Damaging Rivers

How Dam & Anicut Damage Rivers

Over the past 100 years, India led the world in dam and Anicut building. We blocked and harnessed rivers for a variety of purposes. Those purposes include hydropower, irrigation, flood control and water storage.

While anicut can benefit society, they also cause considerable harm to rivers. Dams have depleted fisheries, degraded river ecosystems, and altered recreational opportunities on nearly all of our nation’s rivers.

Today, many anicut that were once at the epicenter of a community’s livelihood are now old, unsafe or no longer serving their intended purposes. Although not all dams or anicut damage rivers in exactly the same way, here are some of the most common ways they inflict harm.

Four ways of damage rivers

1. Dams block rivers

Dams prevent fish migration. This limits their ability to access spawning habitat, seek out food resources, and escape predation. Fish passage structures can enable a percentage of fish to pass around a dam, but their effectiveness decreases depending on the species of fish and the number of dams fish have to traverse.

2. Slowing rivers

Aquatic organisms, including fish depend on steady flows to guide them. Stagnant reservoir pools disorient migrating fish and can significantly increase the duration of their migration.
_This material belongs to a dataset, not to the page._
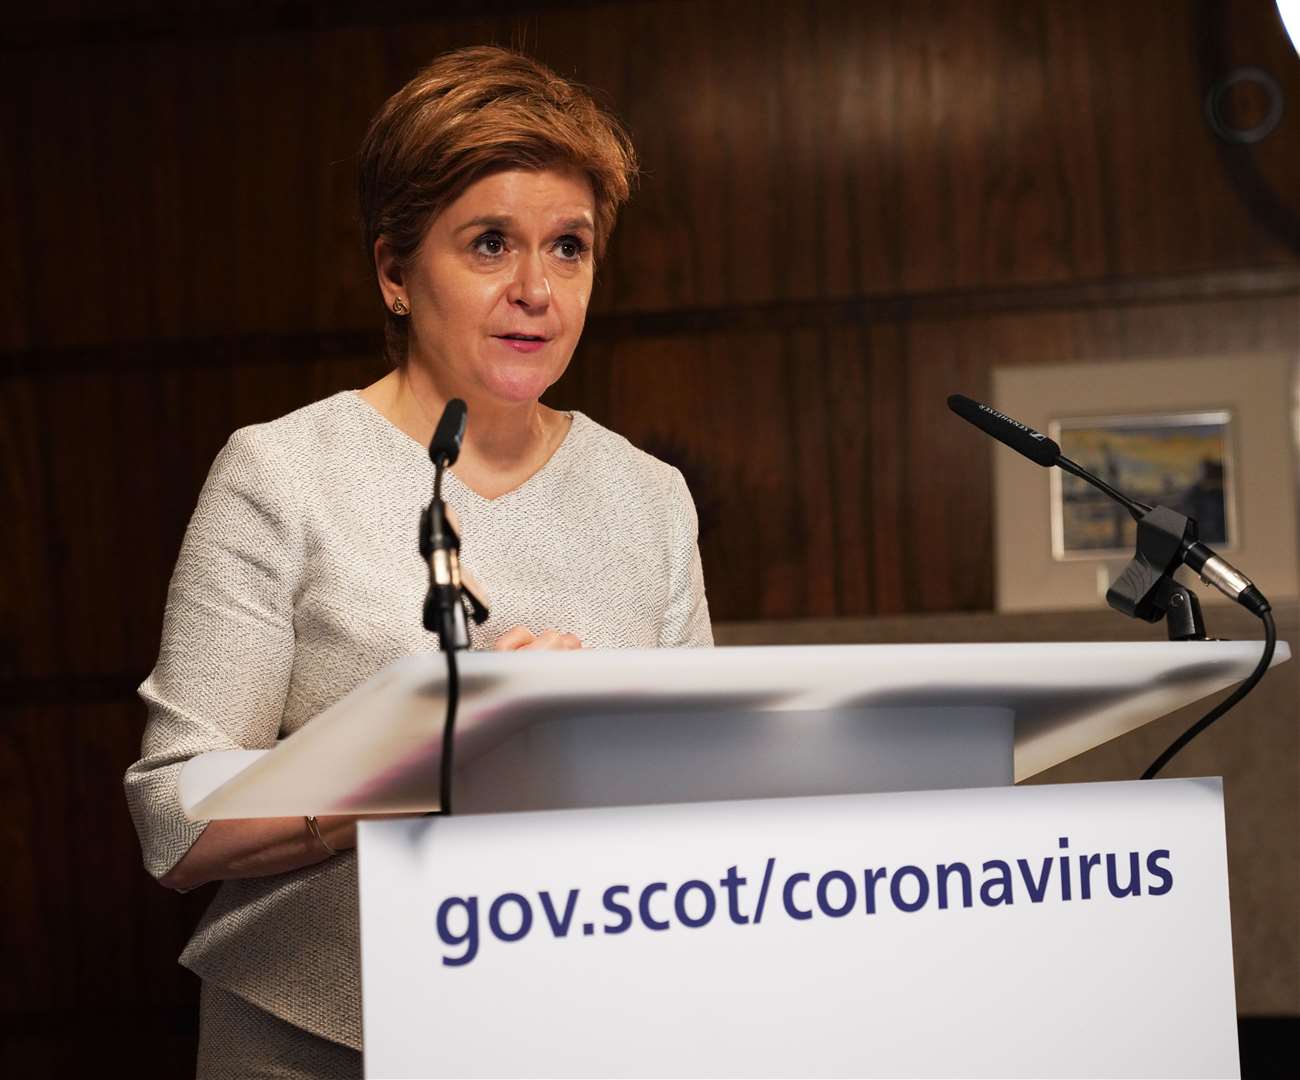 Nicola Sturgeon described the new framework as 'an important moment in our recovery'.
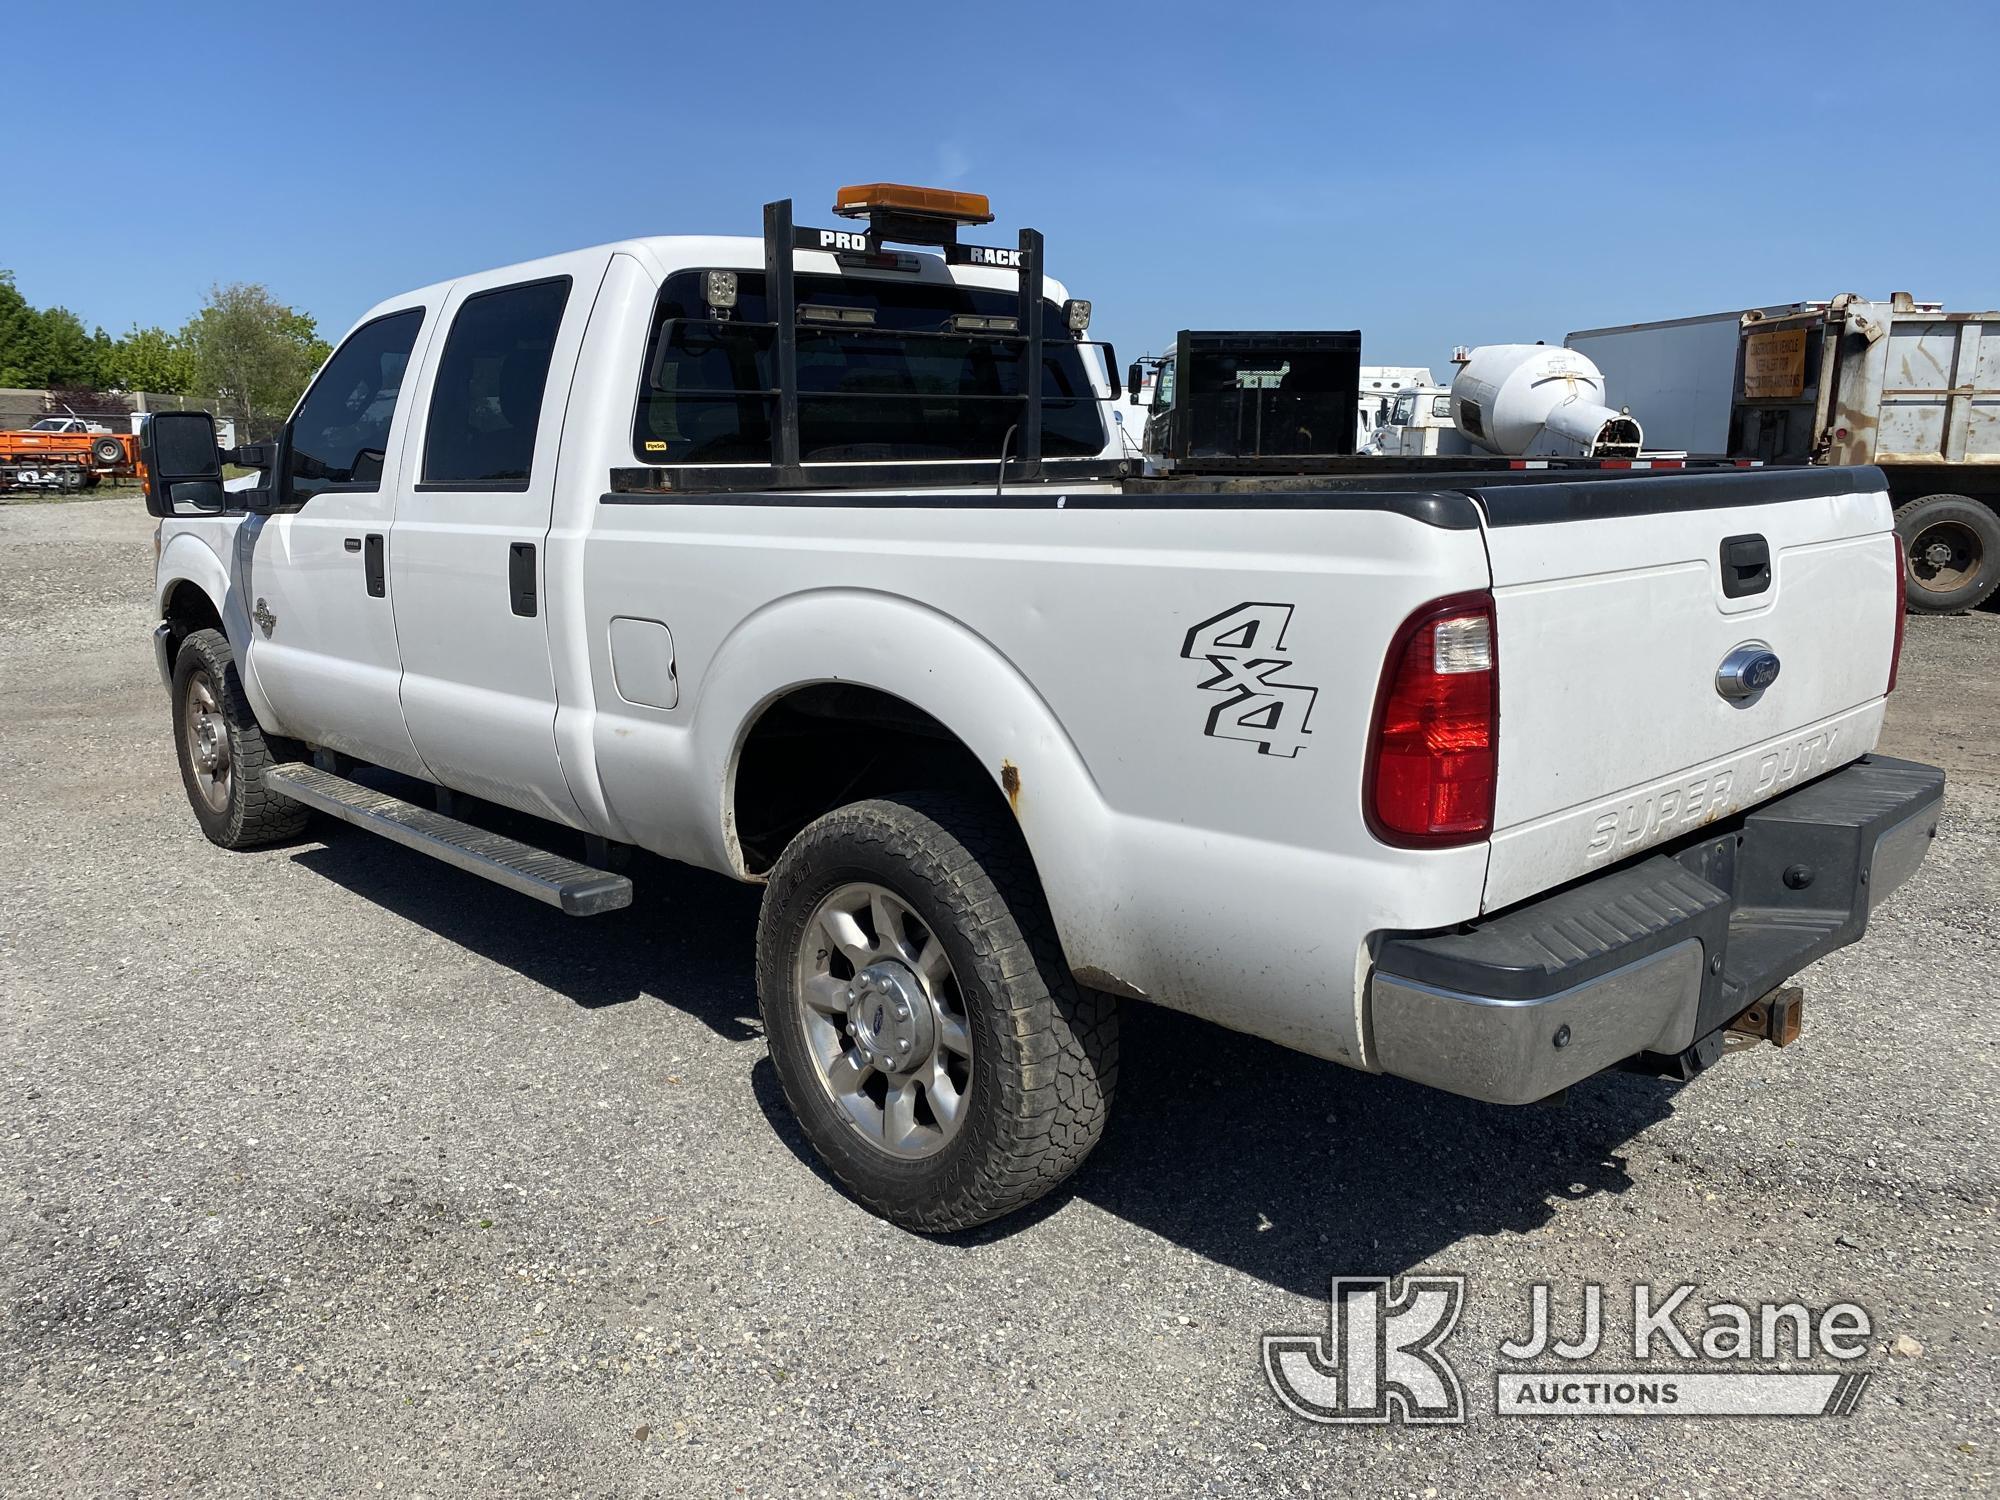 (Plymouth Meeting, PA) 2013 Ford F250 4x4 Crew-Cab Pickup Truck Runs & Moves, Body & Rust Damage

Dams can also alter the timing of flows. Some hydropower dams, for example, withhold and then release water to generate power for peak demand periods.

These irregular releases destroy natural seasonal flow variations that trigger natural growth and reproduction cycles in many species.

3. Alter habitat

Dams that divert water for power and other uses also remove water needed for healthy in-stream ecosystems. Peaking power operations can cause dramatic changes in reservoir water levels.

This can leave stretches below dams completely de-watered. Dams change the way rivers function. They can trap sediment, burying rock riverbeds where fish spawn.

4. Dams impact water quality

Slow-moving or still reservoirs can heat up, resulting in abnormal temperature fluctuations which can affect sensitive species. This can lead to algal blooms and decreased oxygen levels. Other dams decrease temperatures by releasing cooled, oxygen-deprived water from the reservoir bottom.